▶ **TASK DESCRIPTION**
Return the listing below exactly, with the pictures dropped.

▶ **DATASET EXTRACT**
%%

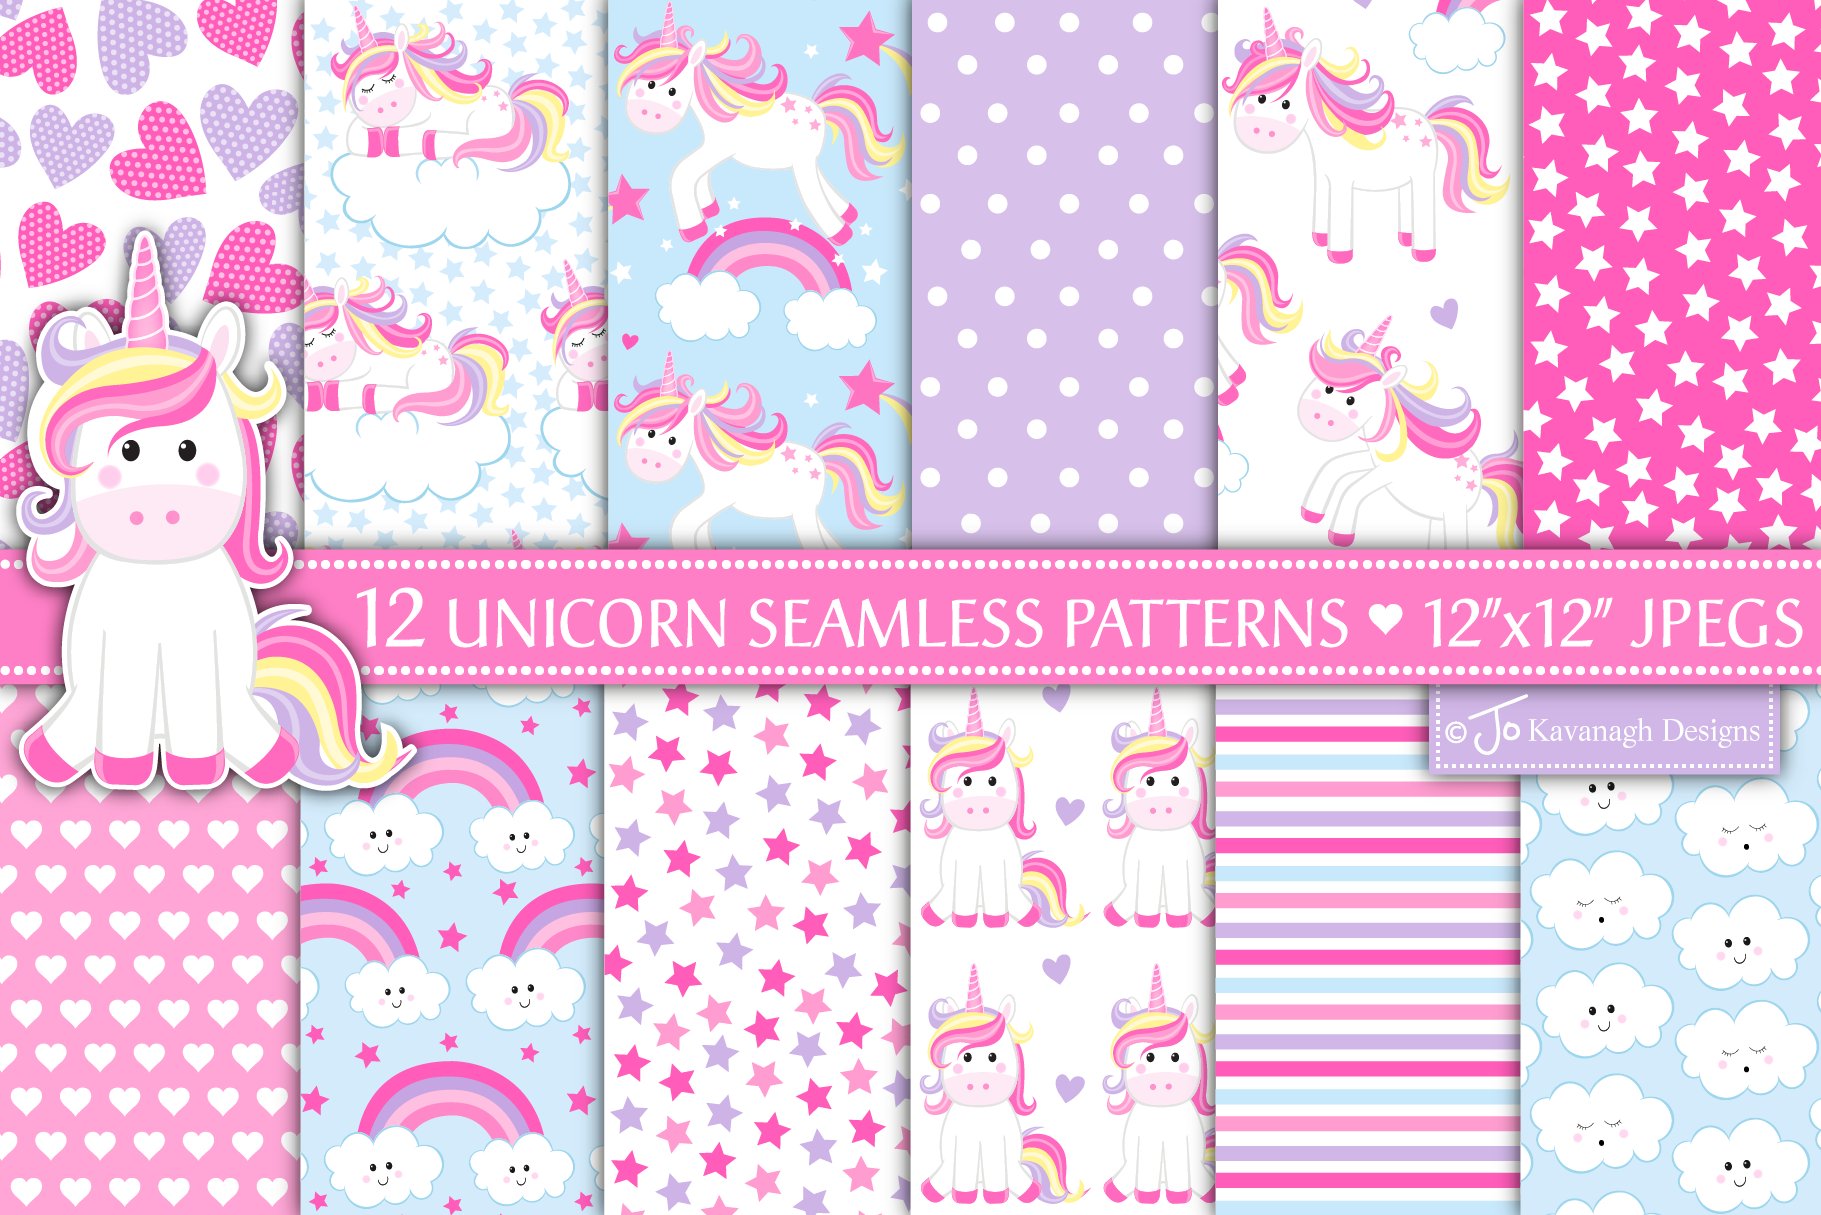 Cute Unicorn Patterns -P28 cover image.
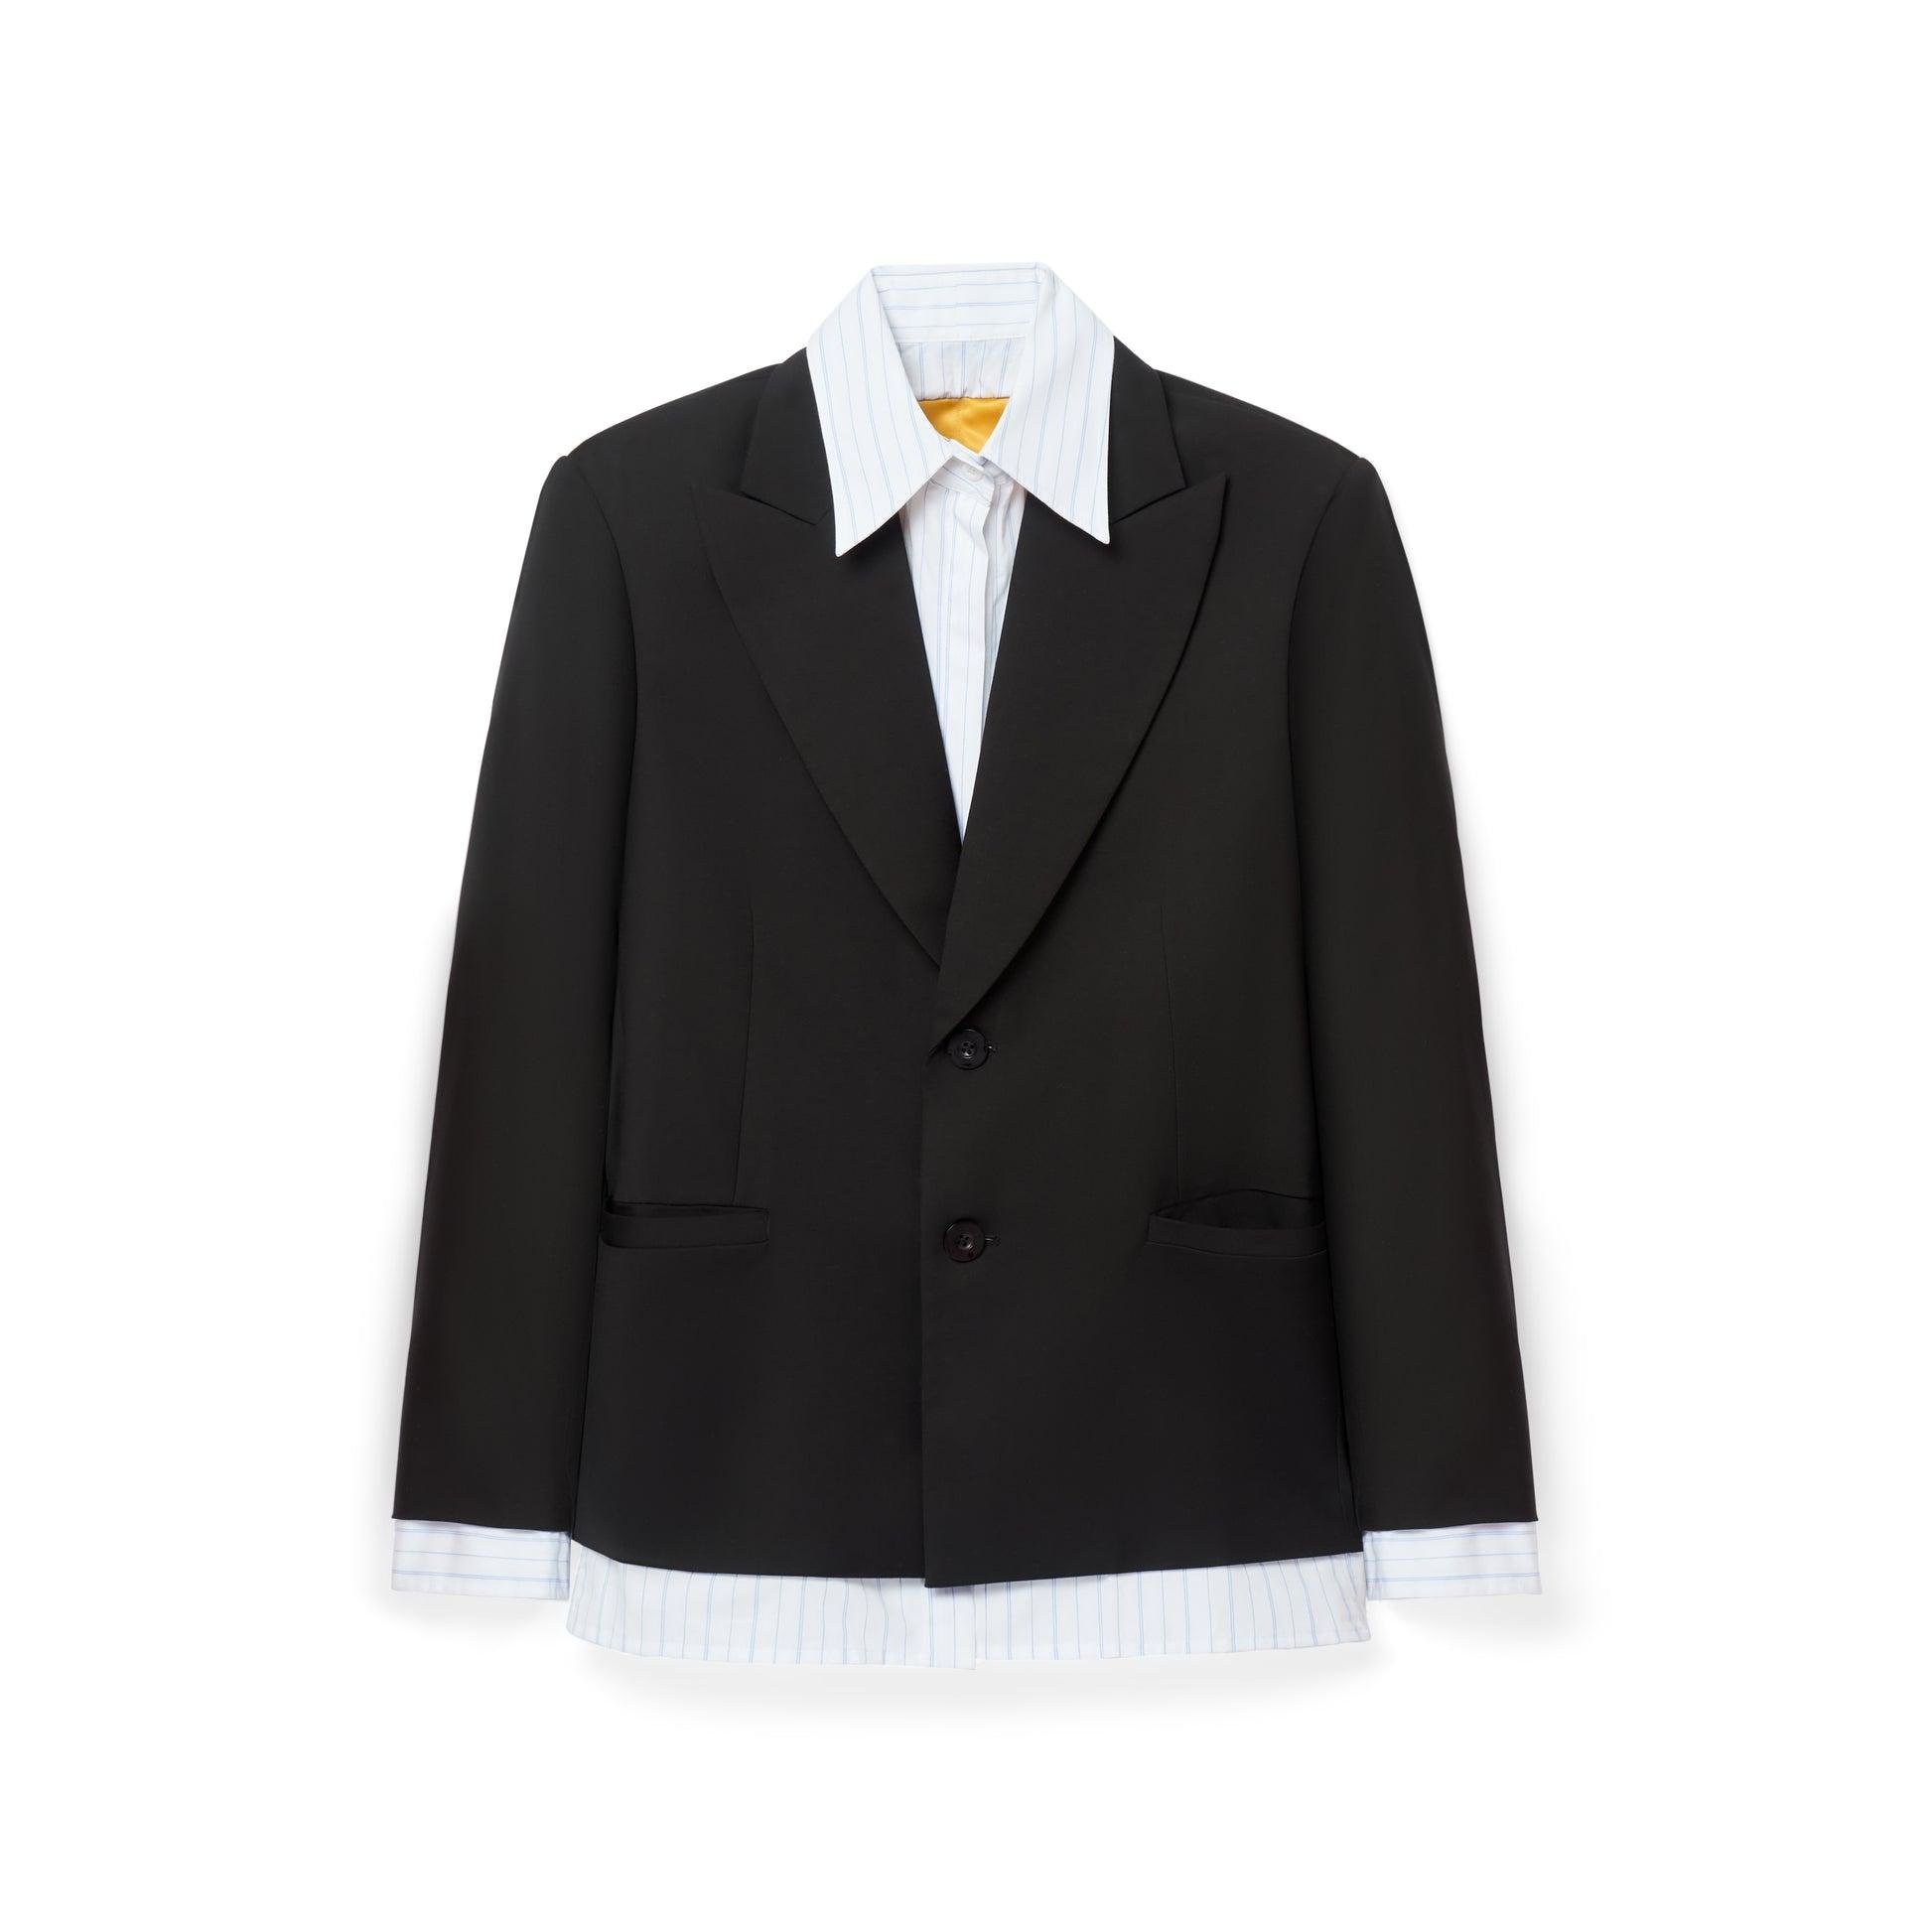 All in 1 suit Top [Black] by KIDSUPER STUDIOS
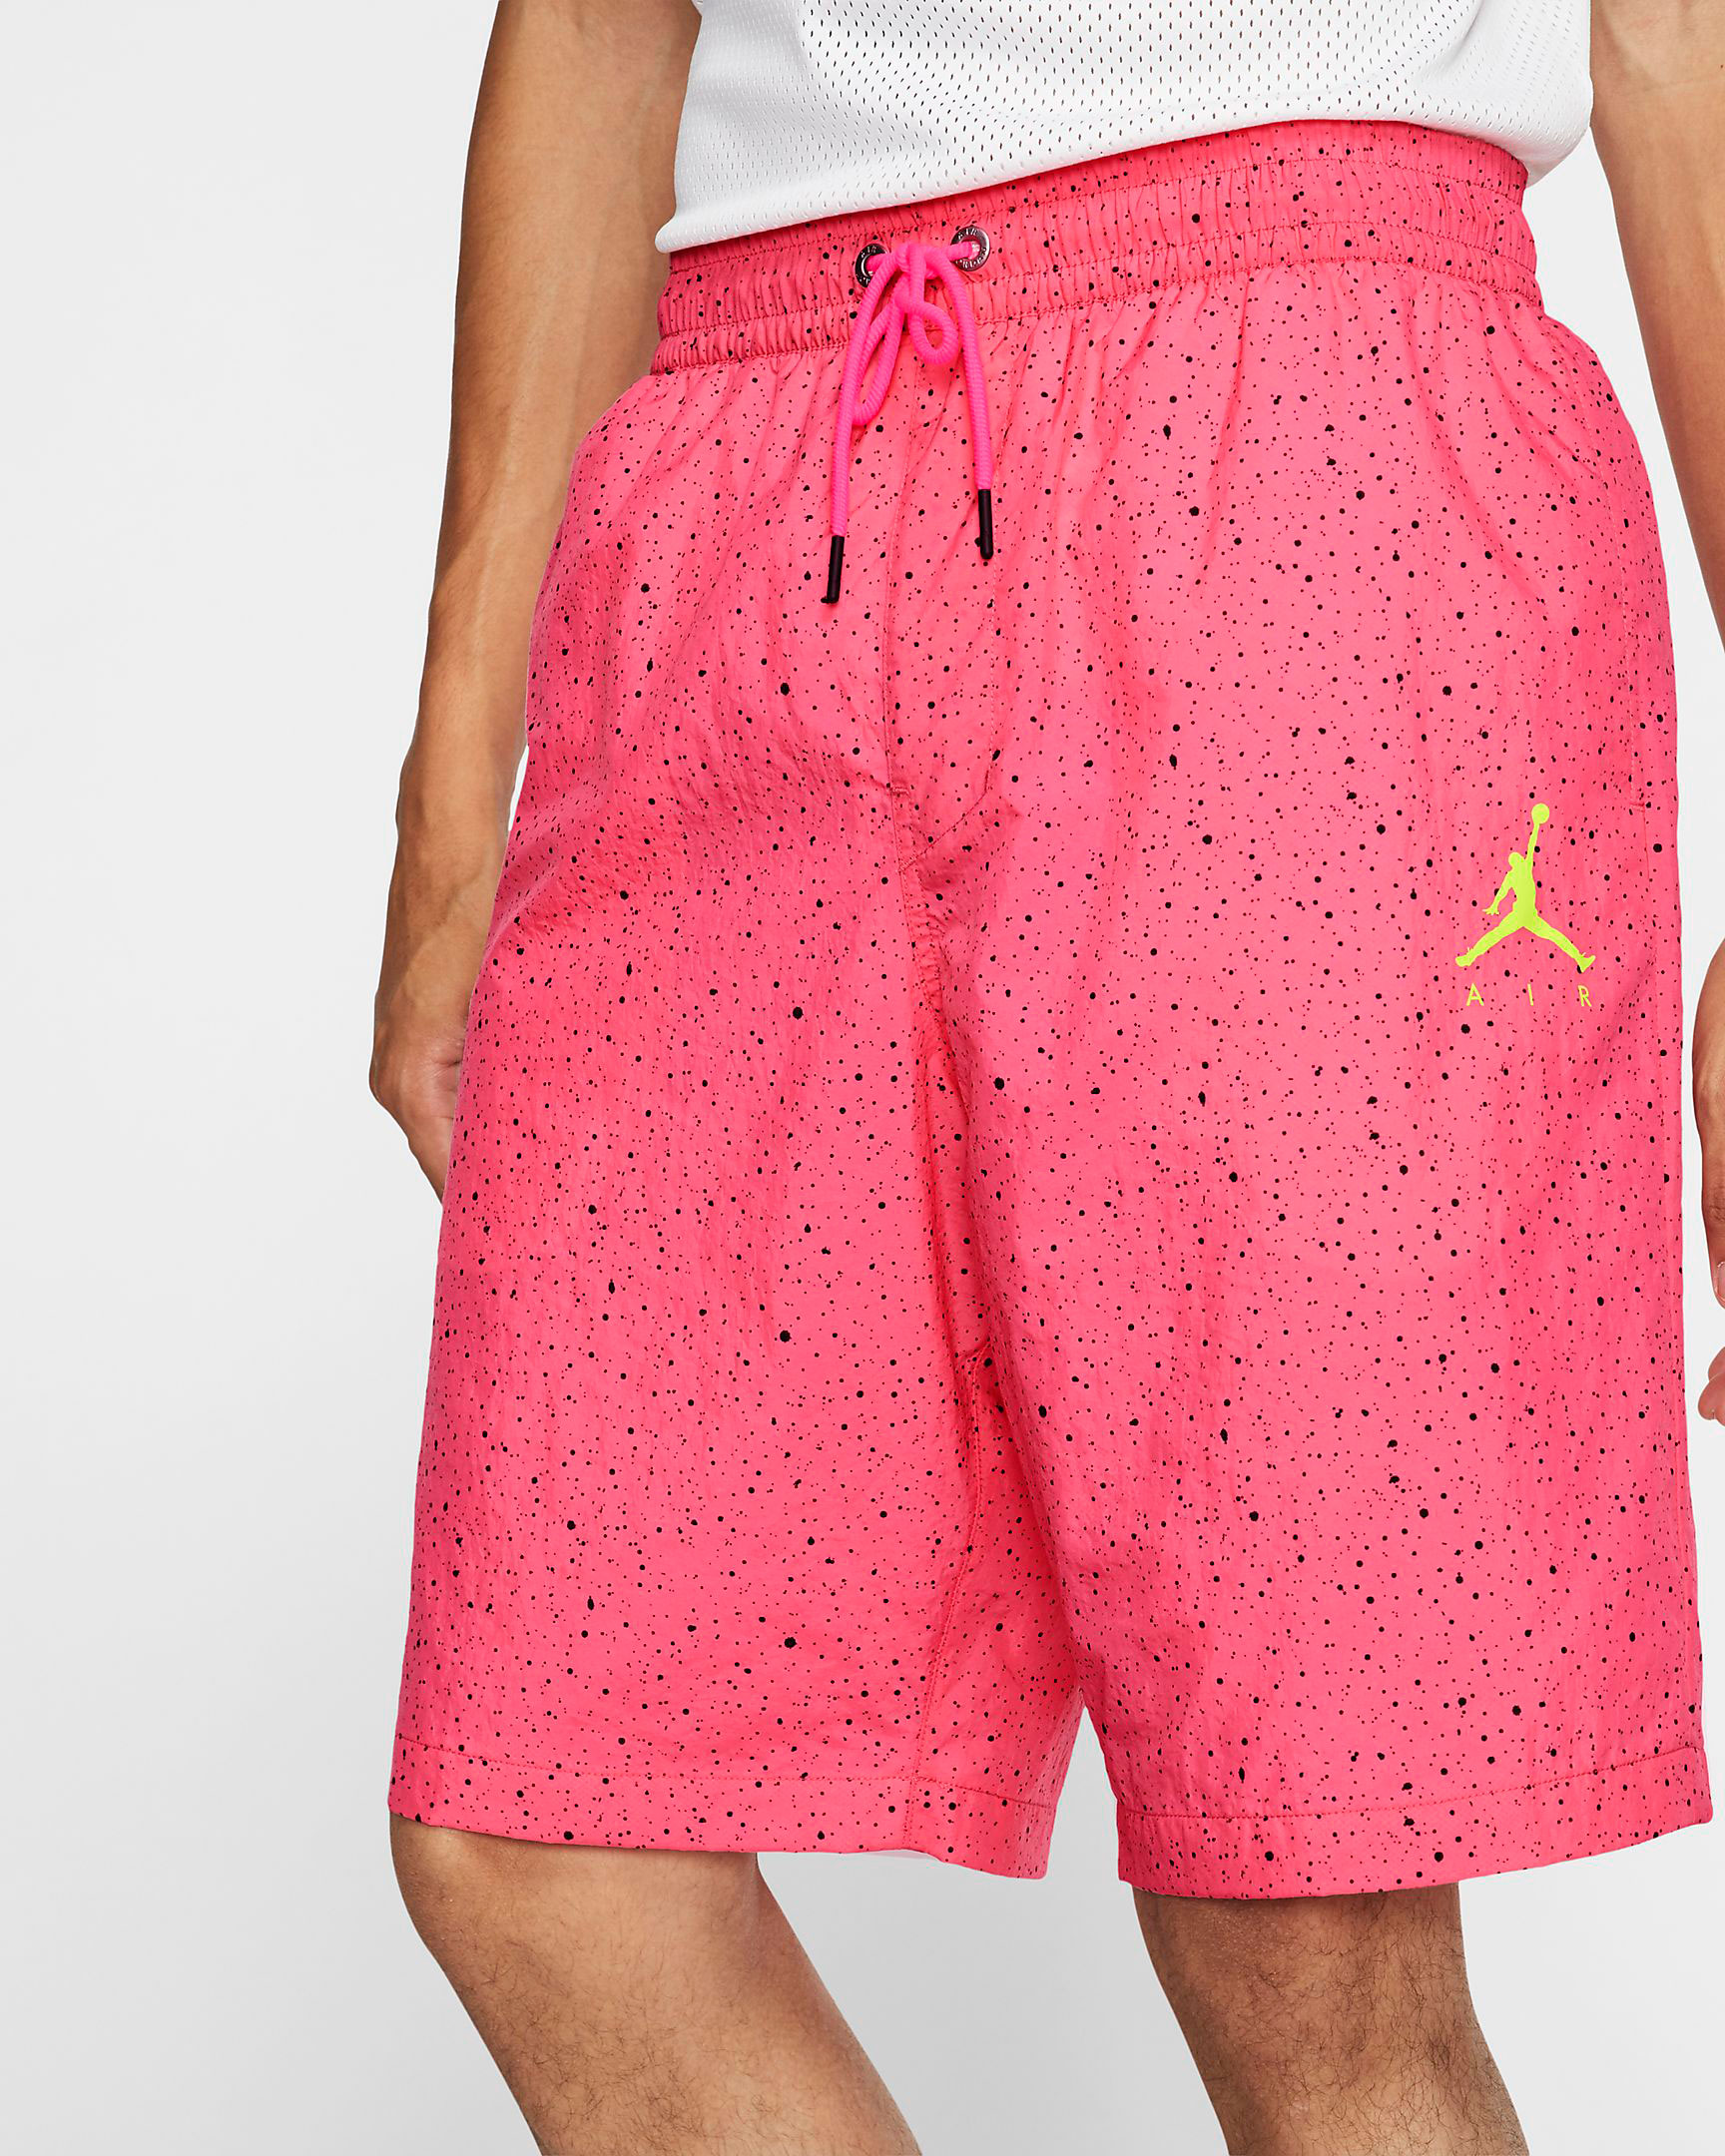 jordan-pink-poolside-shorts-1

%%

▶ **EXERCISE ANSWER**
 Cute Unicorn Patterns -P28 cover image.
 All in 1 suit Top [Black] by KIDSUPER STUDIOS
 jordan-pink-poolside-shorts-1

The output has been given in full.